Forget about the official 0-60 mph time of 5.7 seconds. It
simply isn’t a factor. Instead, Audi’s chassis and powertrain boffins
have focused on making this big boy dance. And it does. You wouldn’t
think that something this large and this lux could be this quick on its
feet, responding to steering inputs with immediacy and selecting the
perfect of its eight ratios to put the power down, but it does. And it
does it with clinical precision that doesn’t leave the driver out of the
mix – a neat trick that’s often lacking in the rarified air of the
sports executive set.




With
the Audi Drive Select set to Dynamic, a Cray’s worth of computing power
seamlessly tweaks the adaptive air suspension and S4-derived Sport
Differential to nearly eliminate any trace of understeer and allow
mid-corner lifts to forcibly tuck that massive schnoz into bends.
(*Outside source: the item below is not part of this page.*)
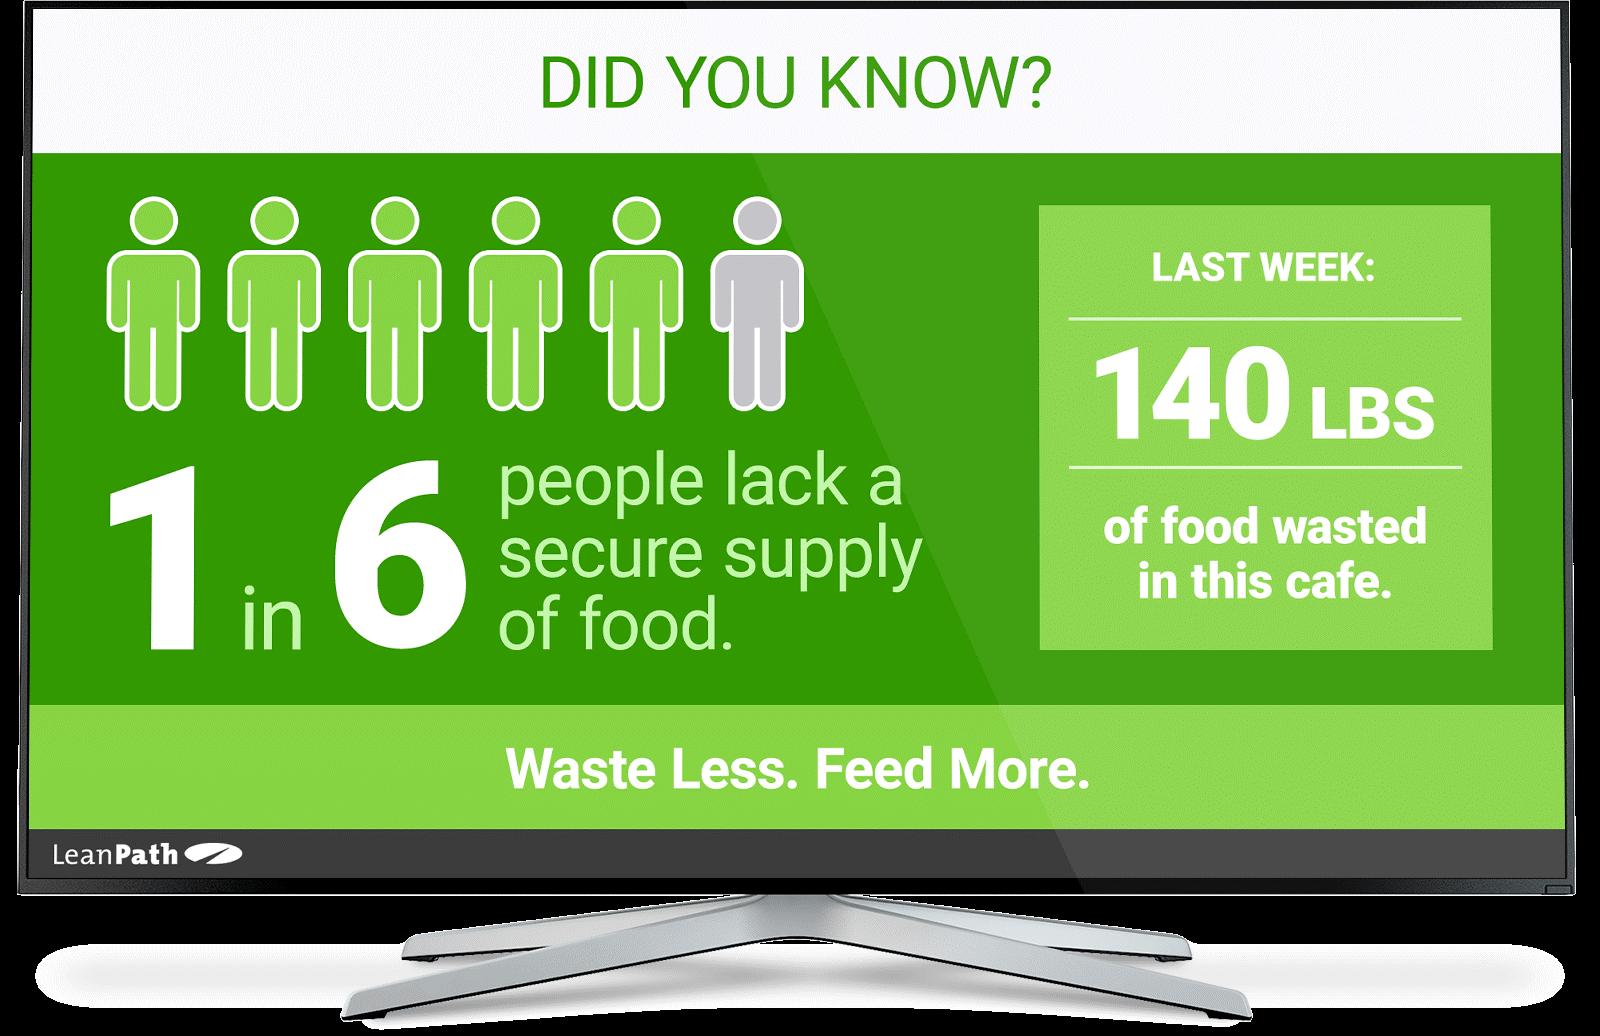 LeanPath Spark - Food Waste Digital Signage

My
driving companions are left shaking their heads and I’m left with an
unshakable grin. These kind of antics shouldn’t be possible, but the A8
manages to hack physics thanks to a smorgasbord of trick electronics, a
set of unflappable, fade-free stoppers and 20-inch wheels wrapped in
sticky summer rubber. And it’s not just what’s added on – excellence is
baked-in. Thanks to its stiff aluminum chassis clothed in matching
bodywork, this Audi simply has less mass to move around than its
competitors. The A8 checks in at 4,409 pounds, while the Mercedes-Benz
S550 weighs 4,455 pounds and the BMW 750i checks in at a hefty
4,641-pound starting weight. That may not sound like a massive
difference, but consider, too, that the A8 manages to be lighter while
toting around all-wheel drive.

If
you care about such things, Audi estimates fuel economy at 21 city and
27 highway, and I managed to average out around 19 mpg during a nine-day
stretch – easily within spitting distance of both Benz’s and Lexus’
flagship… hybrids.
When the time came to motor back up Highway
One for a very late dinner, I set the Select system to Individual
(suspension in Comfort, the rest in Dynamic) and amped up the front seat
massagers for both me and my companion. “You’re $%#^@#& kidding me,
right?” No. No I’m not, my vocabulary-challenged friend. And neither is
Audi. For lack of a better phrase, they’ve put old luxury on notice and
infused some very welcome “sport” into its flagship.